To my knowledge, the smallest node is a “Run” which can hold multiple characters. I am able to get the bounding box of it using the example provided in here
However, I would like to get a bounding box for each character inside that run.
The only topic related to this was in the link provided above but I didn’t find it that helpful.
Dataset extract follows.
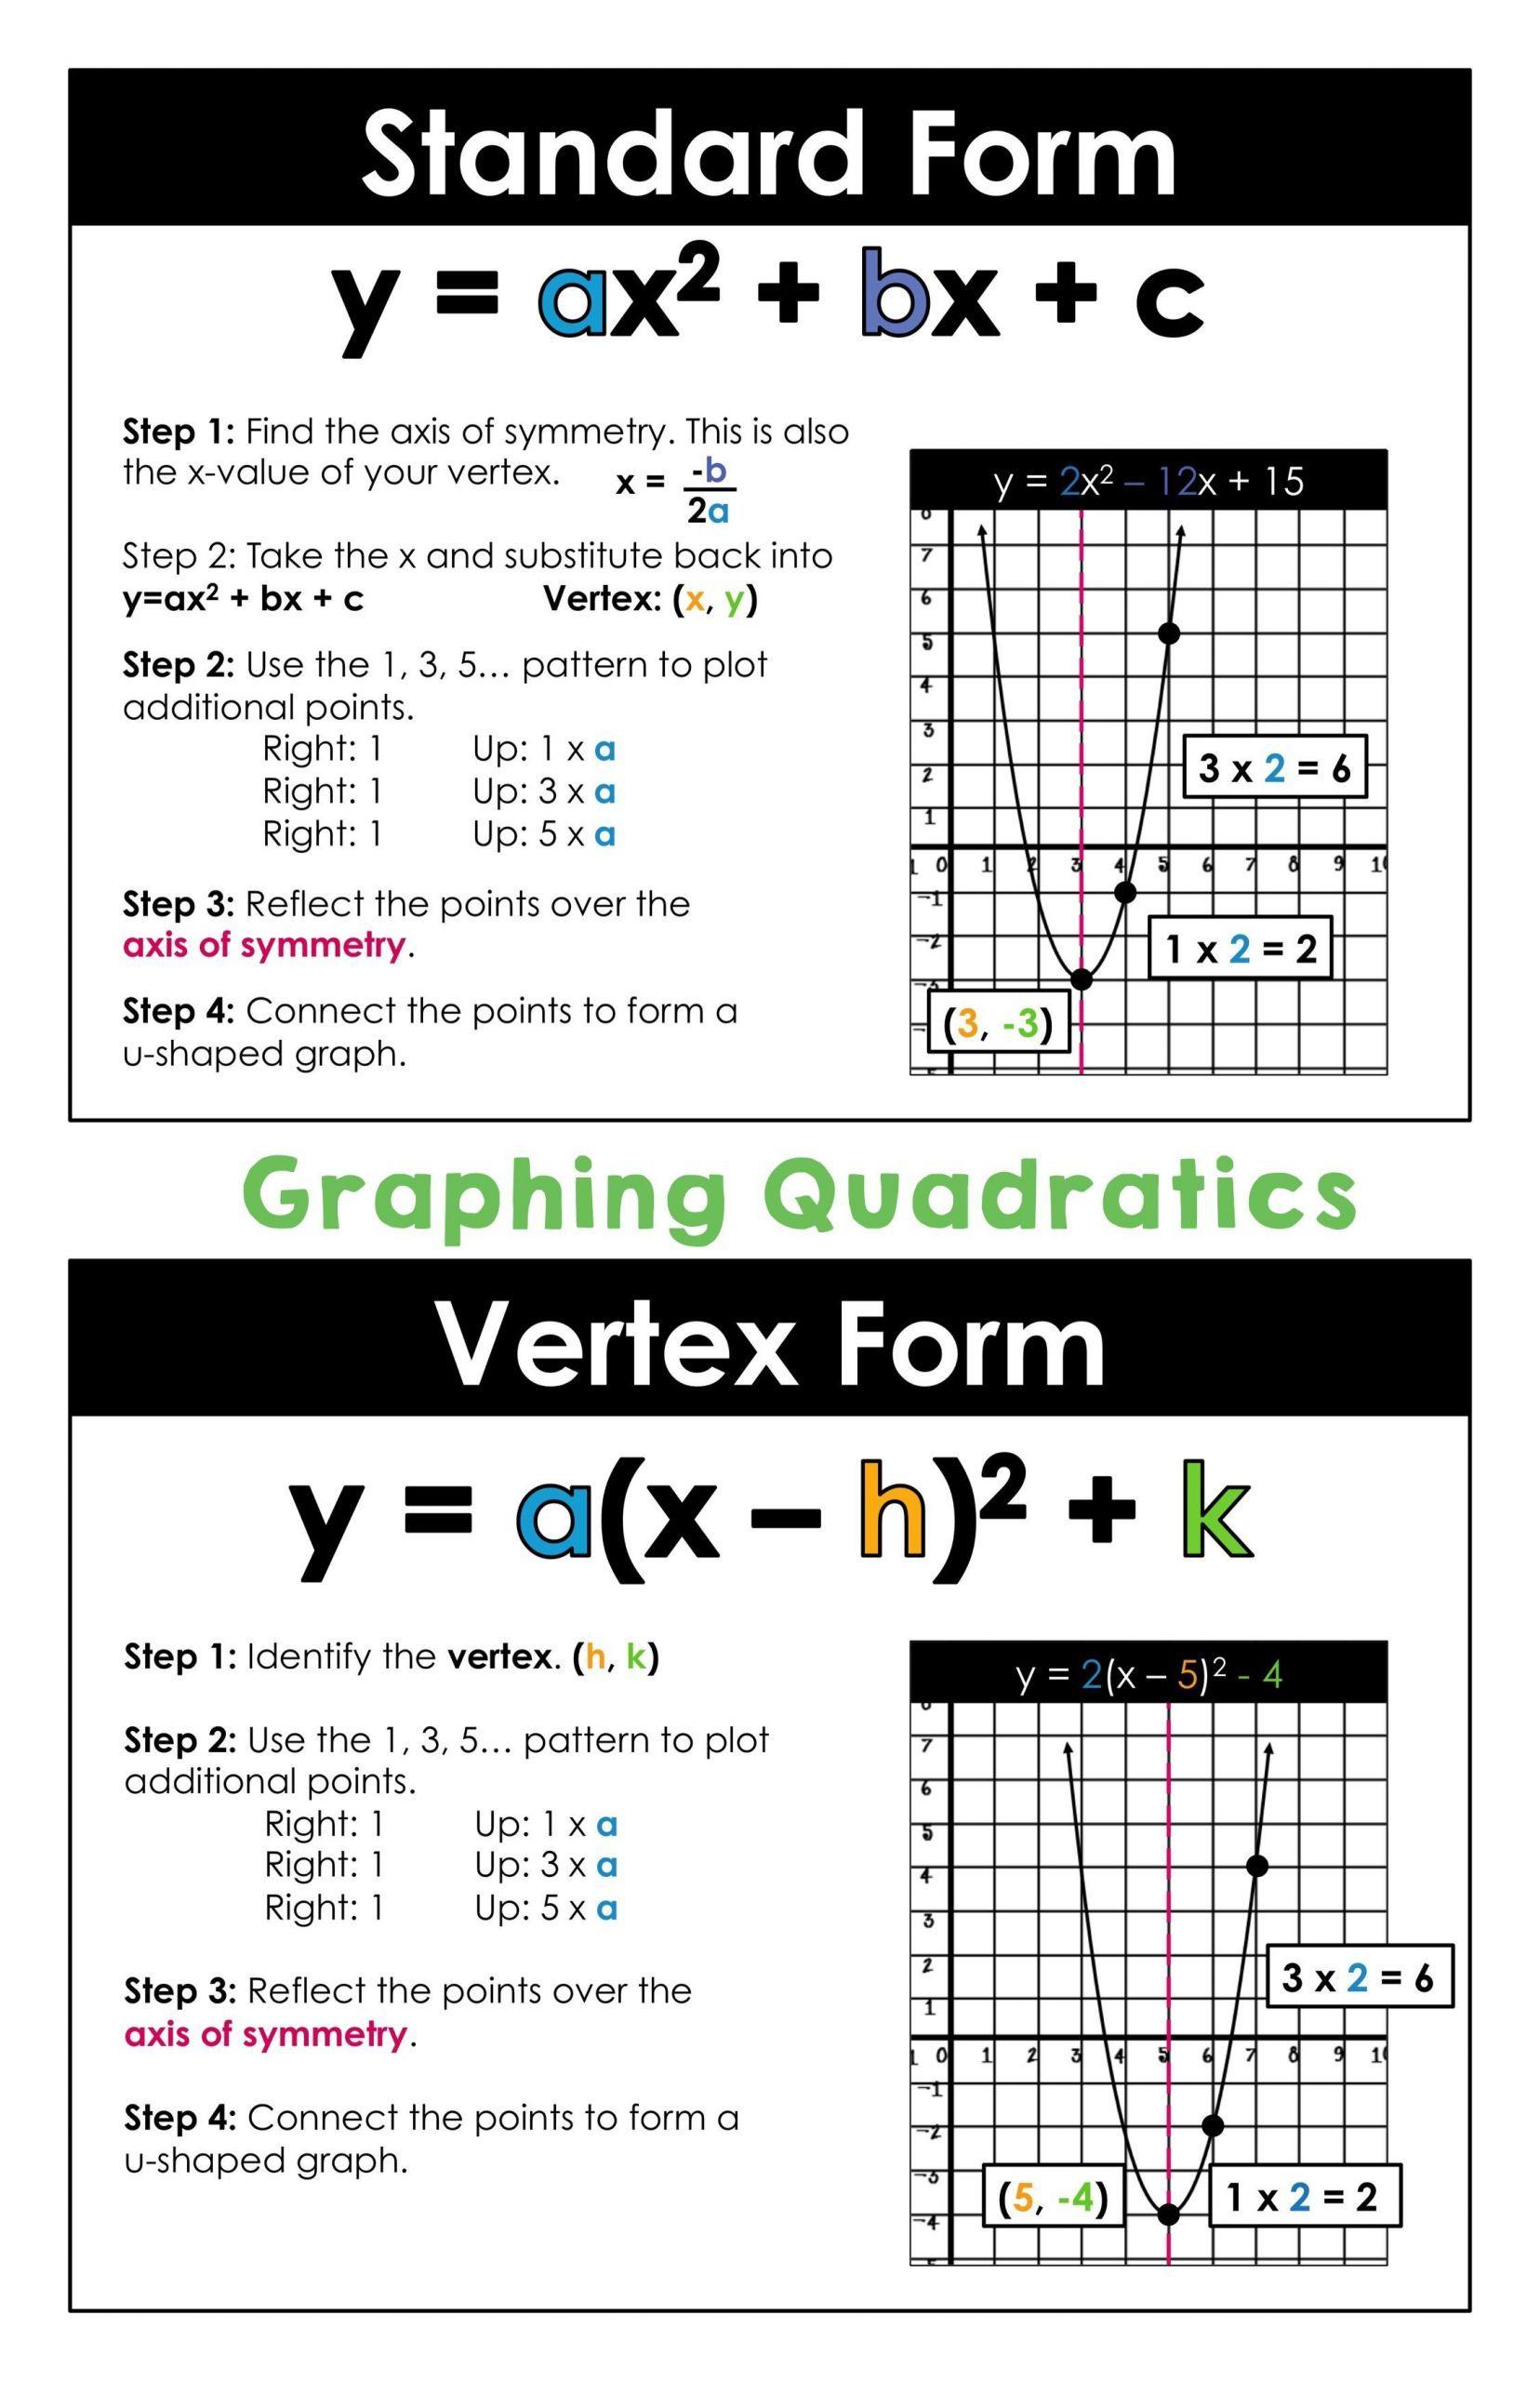 11 Graphing Quadratic Functions Worksheet Answers Algebra

I would really appreciate some extra details.
Please advise.
Thanks
@Mike1992 You can split Run
nodes in your document so that they contain only one character per Run
. For example see the following code:
Document doc = new Document(@"C:\Temp\in.docx");
List<Run> runs = doc.GetChildNodes(NodeType.Run, true).Cast<Run>().ToList();
foreach (Run r in runs)
{
Run currentRun = r;
while (currentRun.Text.Length > 1)
{
currentRun = SplitRun(currentRun, 1);
}
}
private static Run SplitRun(Run run, int position)
{
Run afterRun = (Run)run.Clone(true);
run.ParentNode.InsertAfter(afterRun, run);
afterRun.Text = run.Text.Substring(position);
run.Text = run.Text.Substring(0, position);
return afterRun;
}
Thanks you very much @alexey.noskov for your detailed answer.
Do you have any thoughts on how to access each character bounding box after splitting the Runs?
I tried using this example, but the LayoutEnumerator.Rectangle is not showing the split Runs. I am wondering if there is a way to access the bounding box of a Run without the LayoutEnumerator?
For context, I am trying to render the page, draw the bounding box for each character and save that to an image.
@Mike1992 Document object model is different from layout document model. Run
node in flow document can span several lines or even pages. That is why text content in the document is split into spans (see LayoutEntityType.Span) in layout model. Using LayoutEnumerator you can get bounding box of individual span, but not of an individual character.
However, you can try calculating an approximate bounding box of each character within a span by calculating length of the string in the span and splitting bounding box. Of course width of each character depends on the font applied, but such approach can give you an approximate position of each character within a span.